In 1806, separate expeditions led by Facundo Melgares and Zebulon Pike both journeyed to a large Pawnee village nearby; Pike persuaded the inhabitants to lower the recently received flag of Spain and replace it with that of the United States.
The hill's English name was given to the nearby village of Guide Rock, Nebraska.
Guide Rock is located in Webster County, Nebraska. It lies southeast of the town that bears its name, on the south side of the Republican River and just east of Rankin Creek.
Descriptions of the landform vary. The United States Geological Survey classifies it as a "pillar", which it defines as a "[v]ertical, standing, often spire-shaped, natural rock formation". A local writer described it as a "vast rocky bluff". However, the authors of Roadside Geology of Nebraska state that it is "not so much a rock as a loess bluff of modest size". The difference might be due to human action: in 1973, it was reported that of the five sacred places of the Pawnee, four, including this one, had been "extensively damaged or totally destroyed".
In the Pawnee traditional religion, the supreme being Tirawa allots supernatural powers to certain animals. These animals, the nahurac, act as Tirawa's servants and messengers, and intercede for the Pawnee with Tirawa.
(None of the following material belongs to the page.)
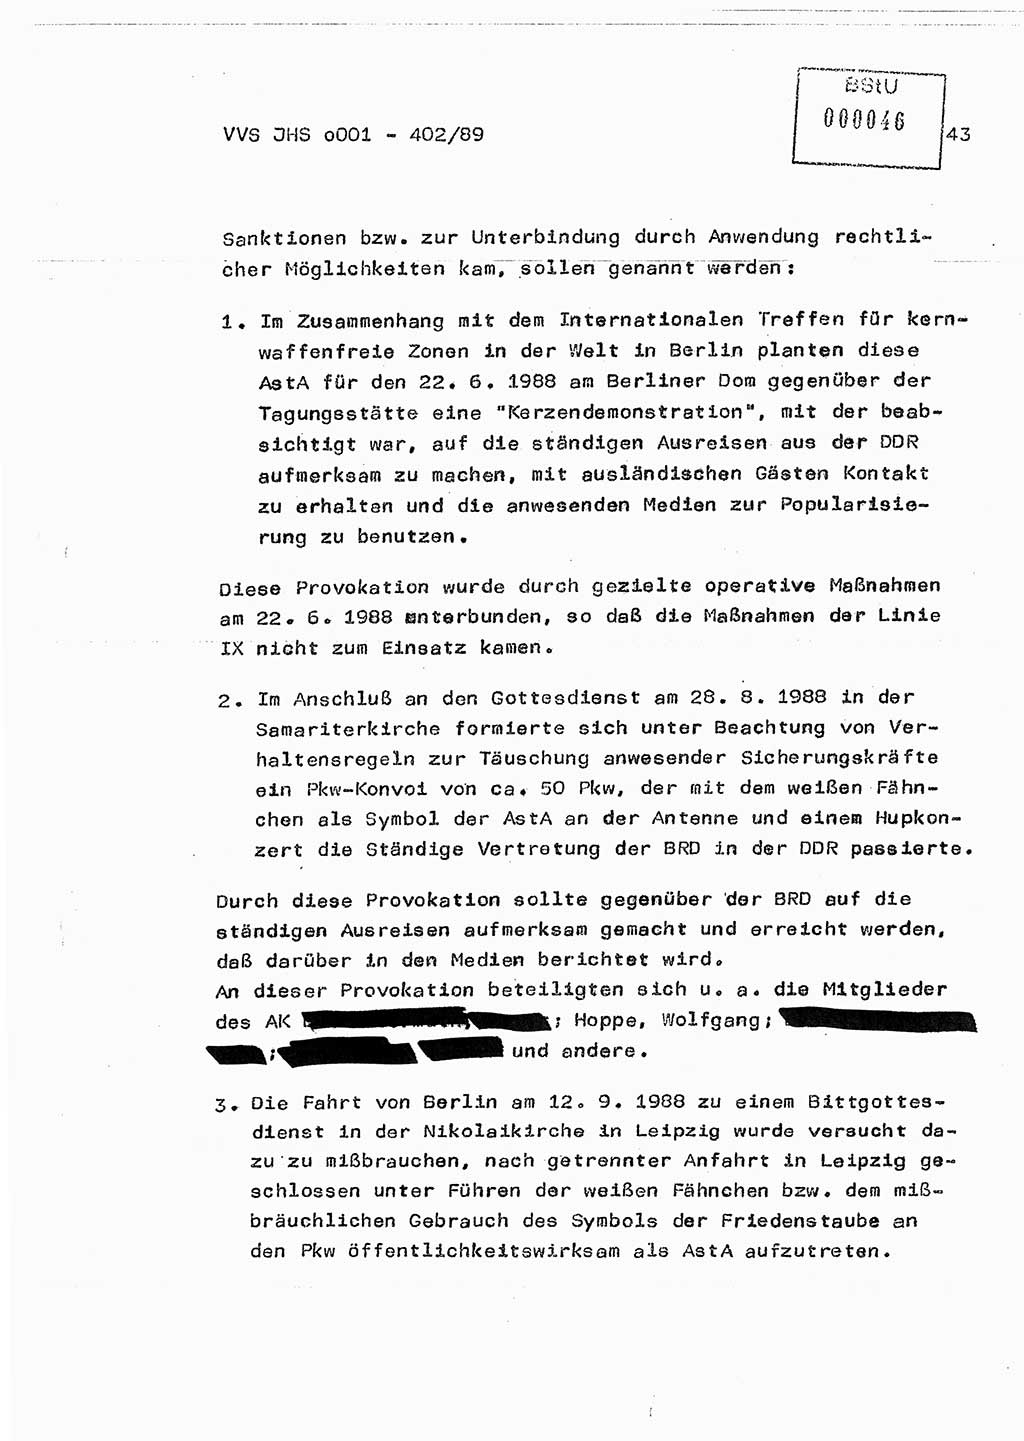 Diplomarbeit Major Günter Müller (HA Ⅸ/9), Ministerium für Staatssicherheit (MfS) [Deutsche Demokratische Republik (DDR)], Juristische Hochschule (JHS), Vertrauliche Verschlußsache (VVS) o001-402/89, Potsdam 1989, Seite 43 (Dipl.-Arb. MfS DDR JHS VVS o001-402/89 1989, S. 43)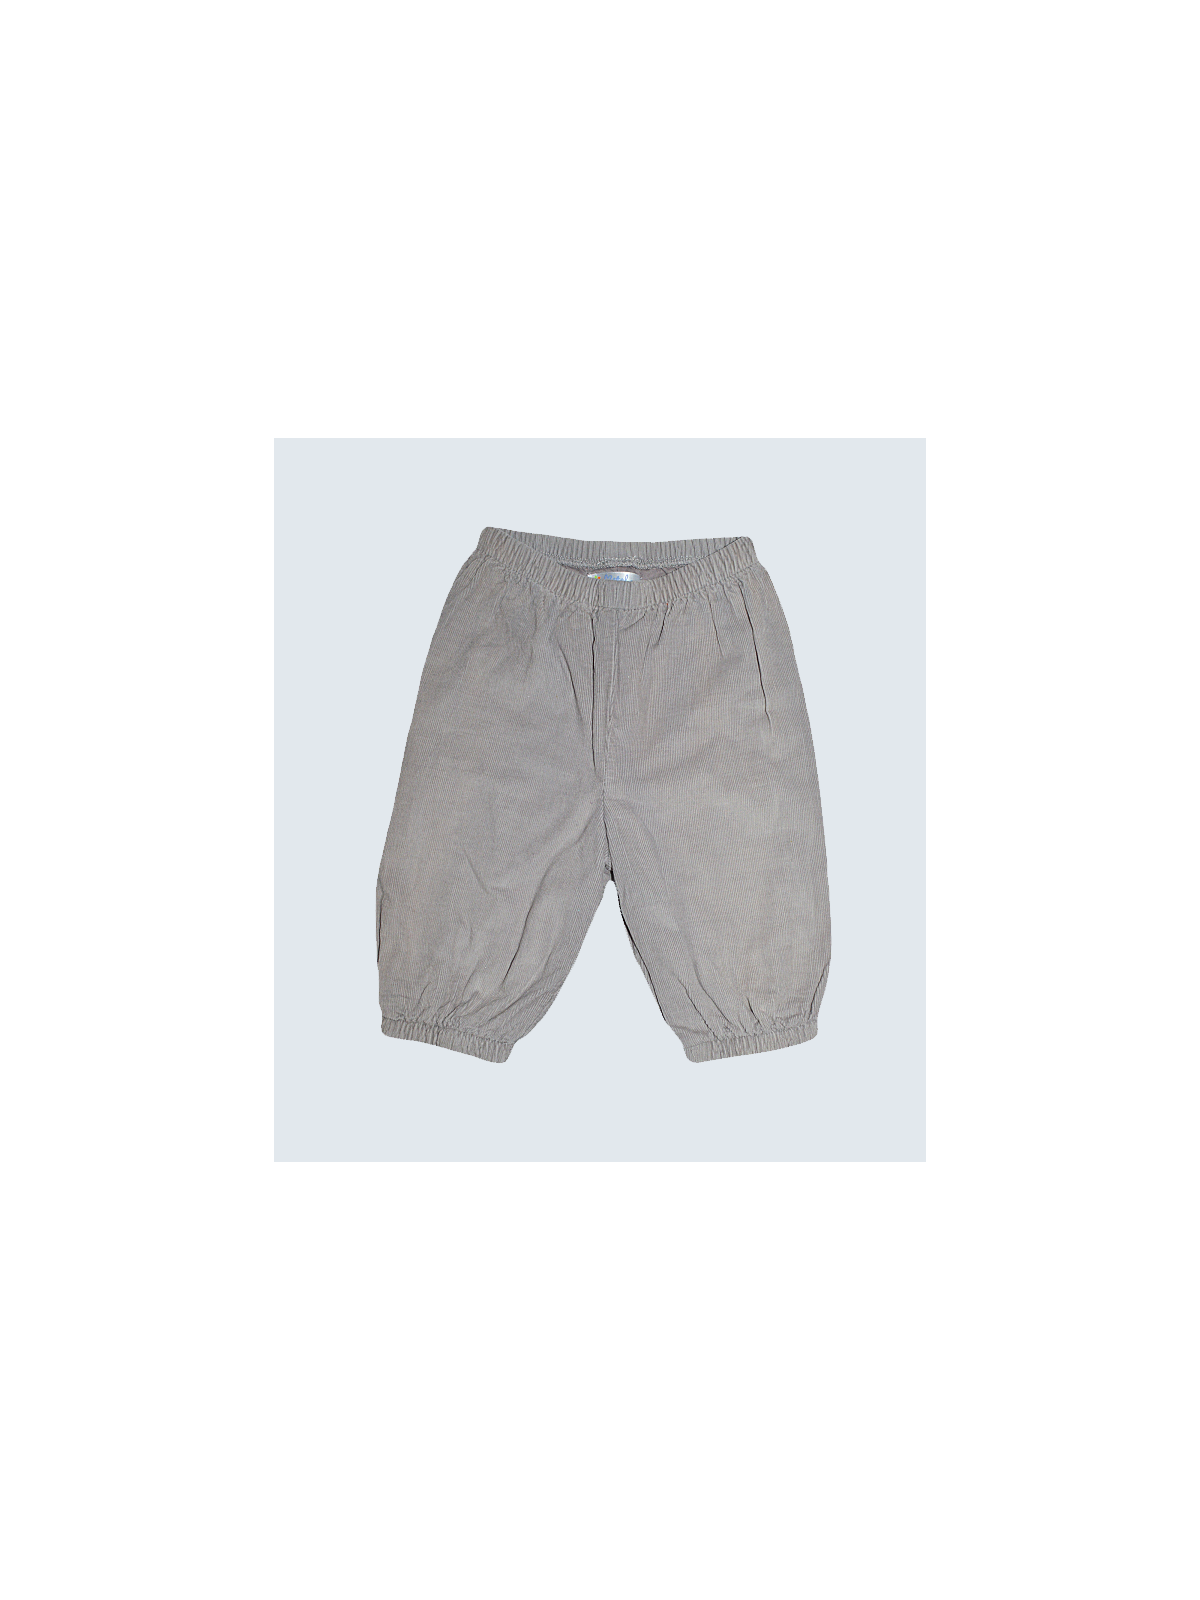 Pantalon Kitchoun - 6 Mois

The nahurac had five lodges. The foremost among them was Pahuk, usually translated "hill island", a bluff on the south side of the Platte River, near the town of Cedar Bluffs in present-day Saunders County, Nebraska. Lalawakohtito, or "dark island", was an island in the Platte near Central City, Nebraska; Ahkawitakol, or "white bank", was on the Loup River opposite the mouth of the Cedar River in what is now Nance County, Nebraska. Kitzawitzuk, translated "water on a bank", also known to the Pawnee as Pahowa, was a spring on the Solomon River near Glen Elder, Kansas; it is usually known today by its Kanza-derived name of Waconda Spring. It now lies beneath the waters of Waconda Reservoir.